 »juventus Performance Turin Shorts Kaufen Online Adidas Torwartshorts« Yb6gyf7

--

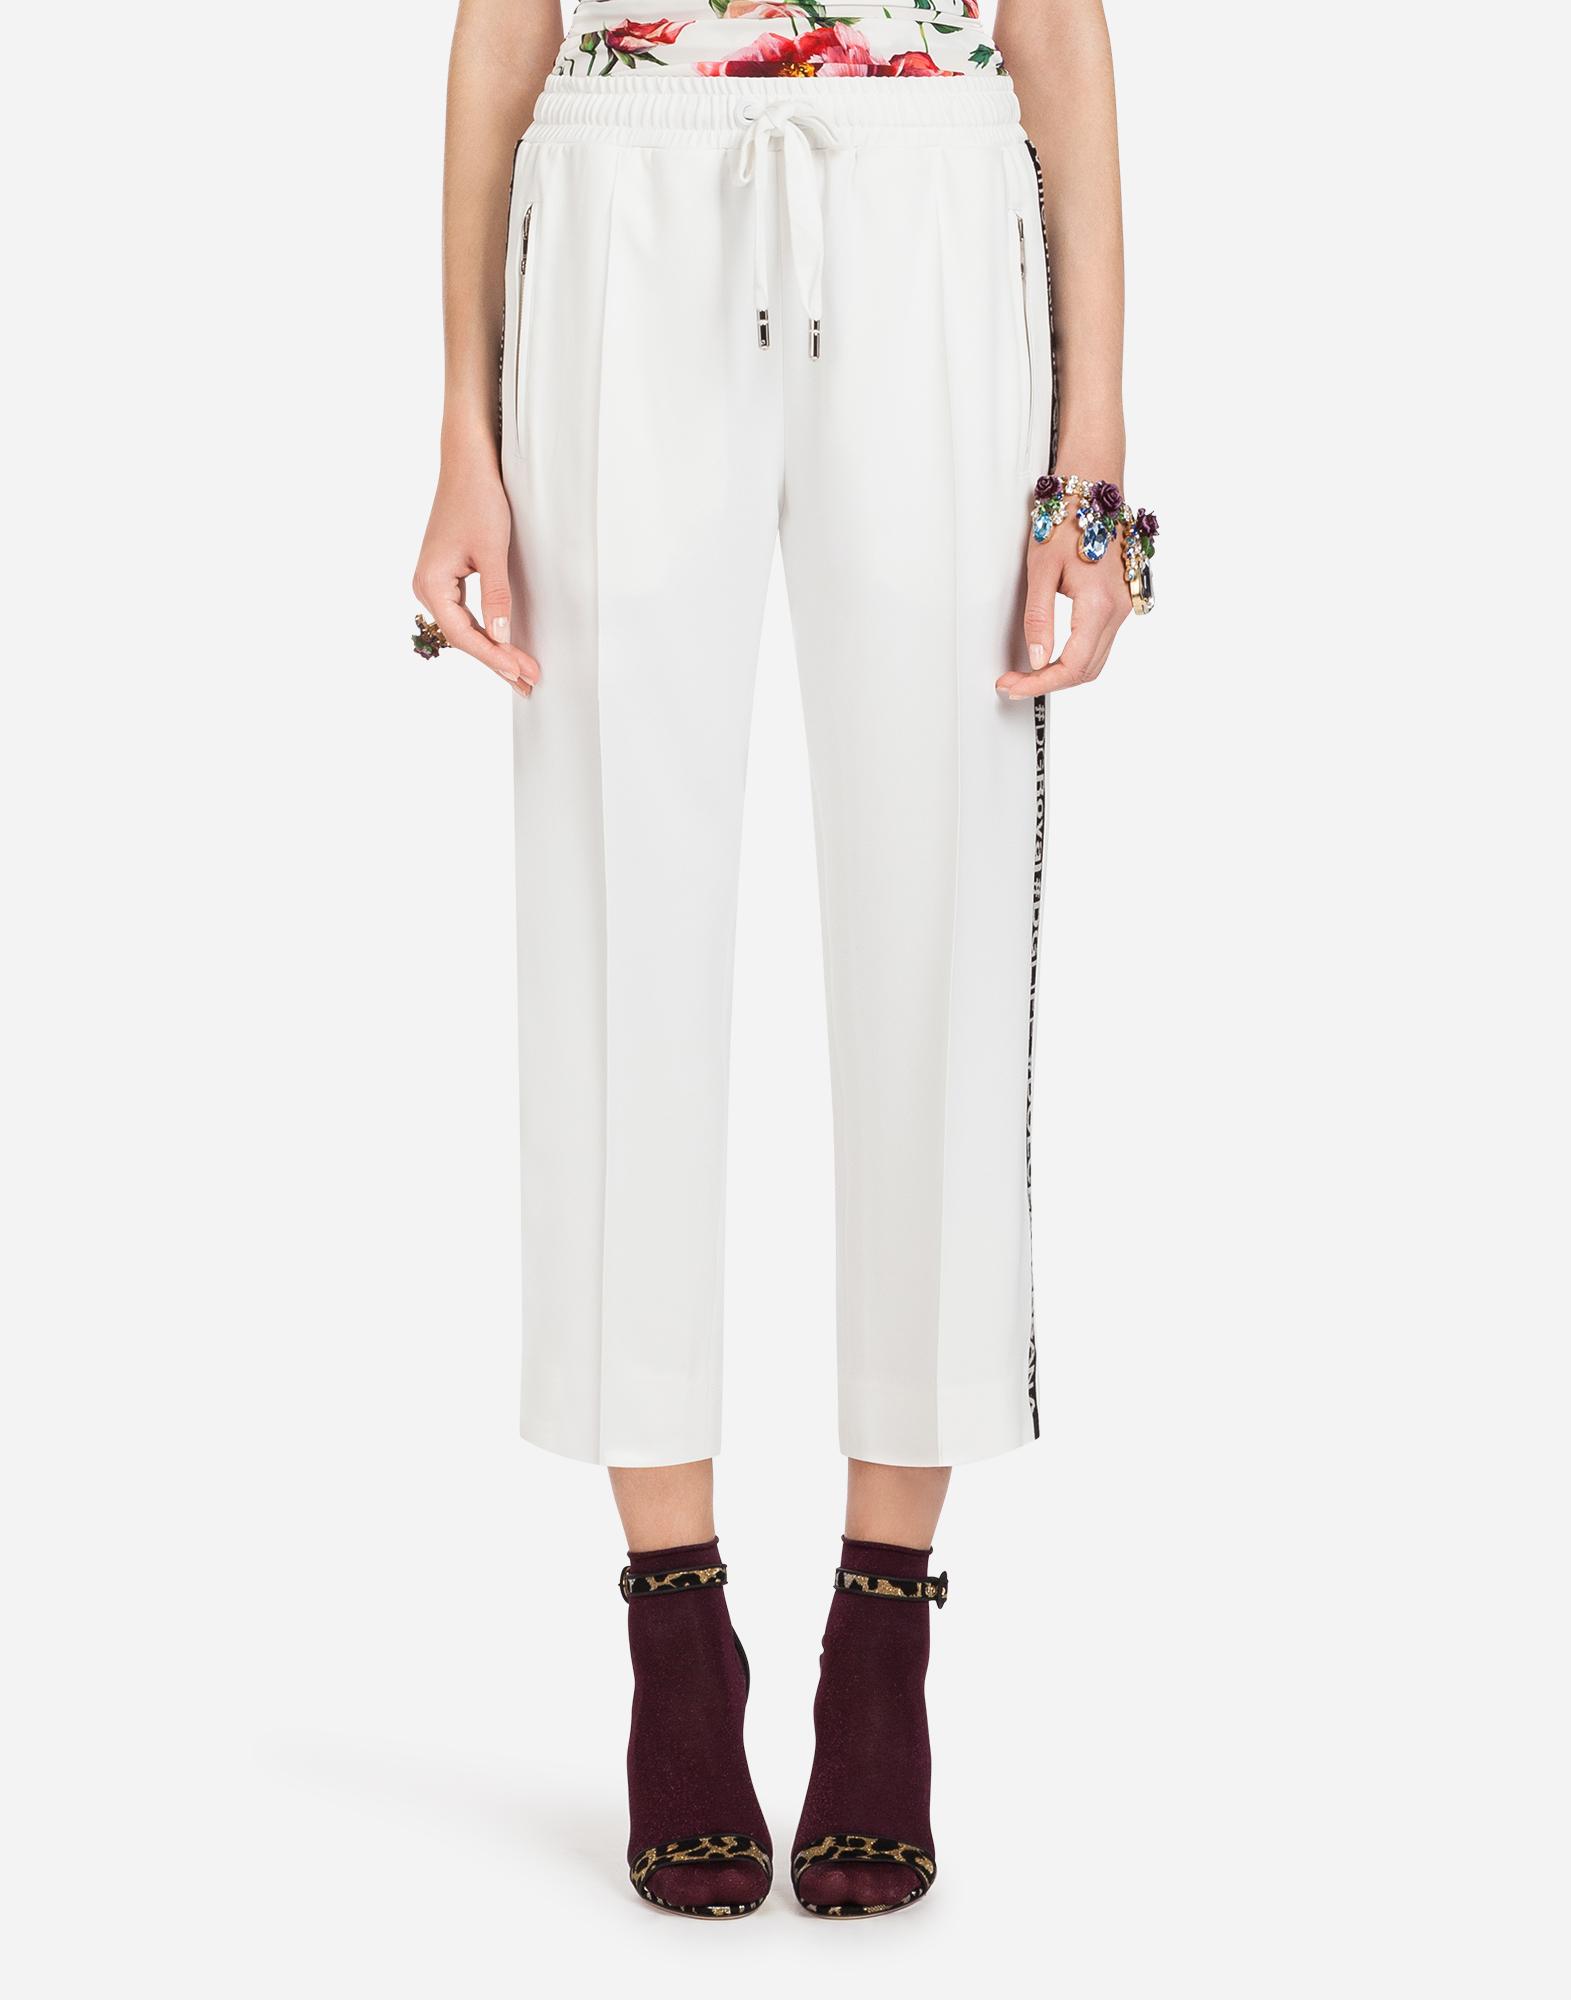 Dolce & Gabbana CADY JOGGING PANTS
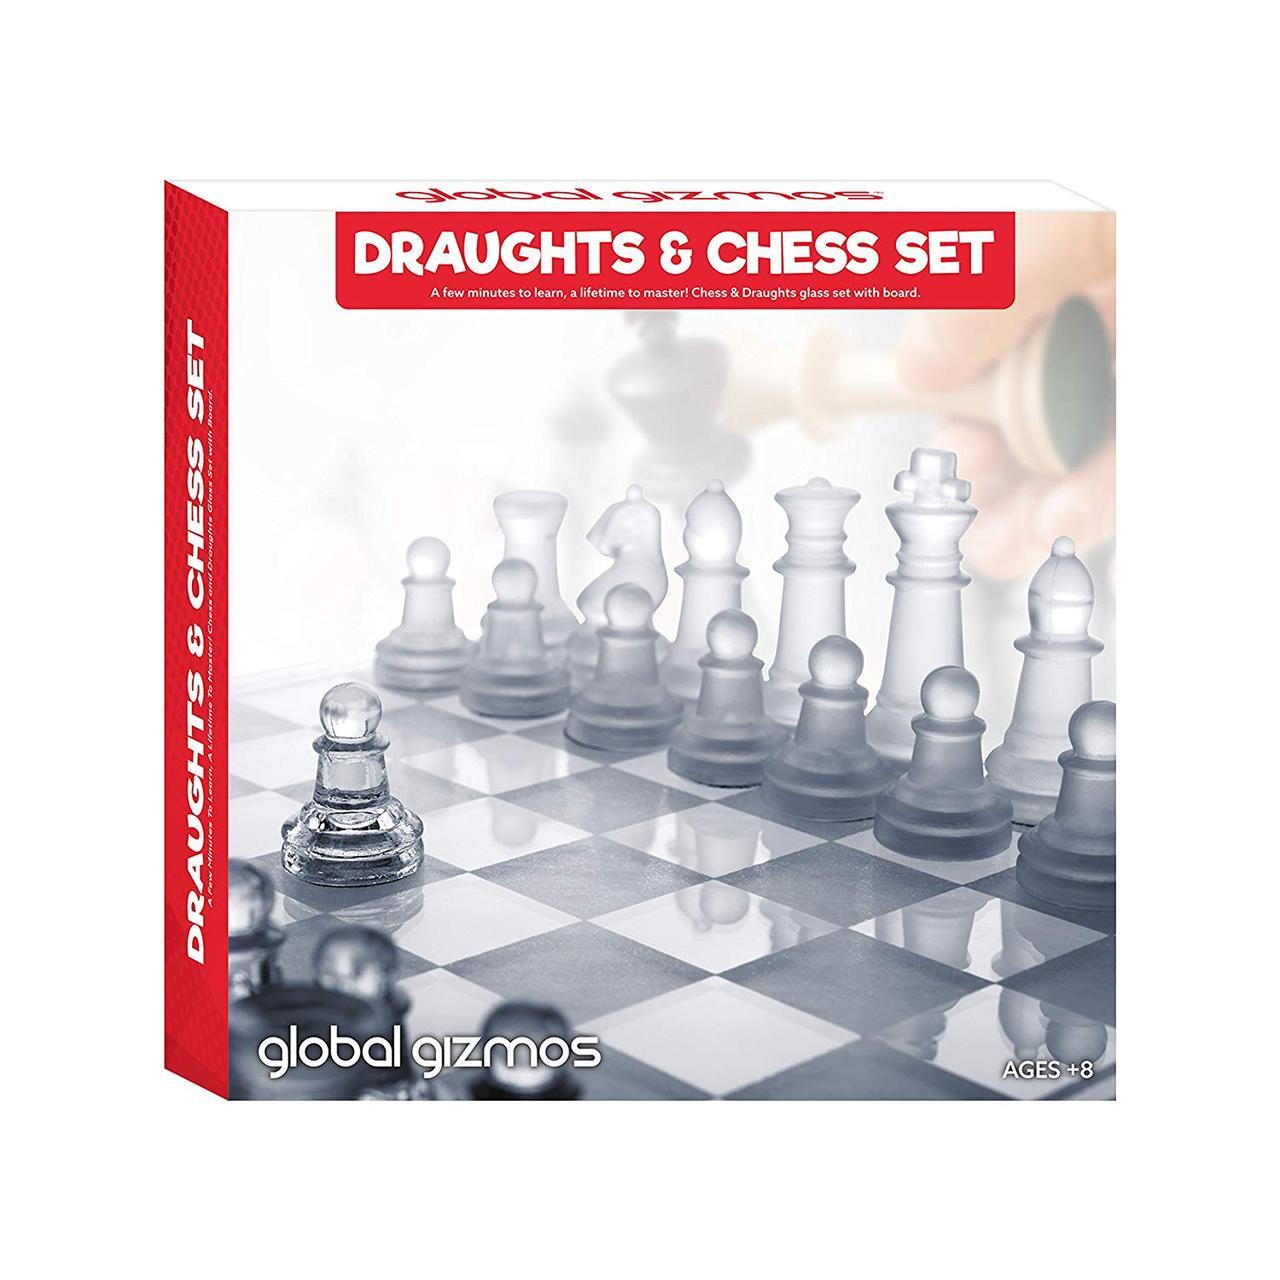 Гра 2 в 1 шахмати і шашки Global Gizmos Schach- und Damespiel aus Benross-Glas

# Exercise objective
Out of the records above, please copy exactly the lines from the line with "Dolce & Gabbana CADY JOGGING PANTS" up to and including the line with "Гра 2 в 1 шахмати", minus the pictures.

# Answer to this exercise
 Dolce & Gabbana CADY JOGGING PANTS
 Гра 2 в 1 шахмати і шашки Global Gizmos Schach- und Damespiel aus Benross-Glas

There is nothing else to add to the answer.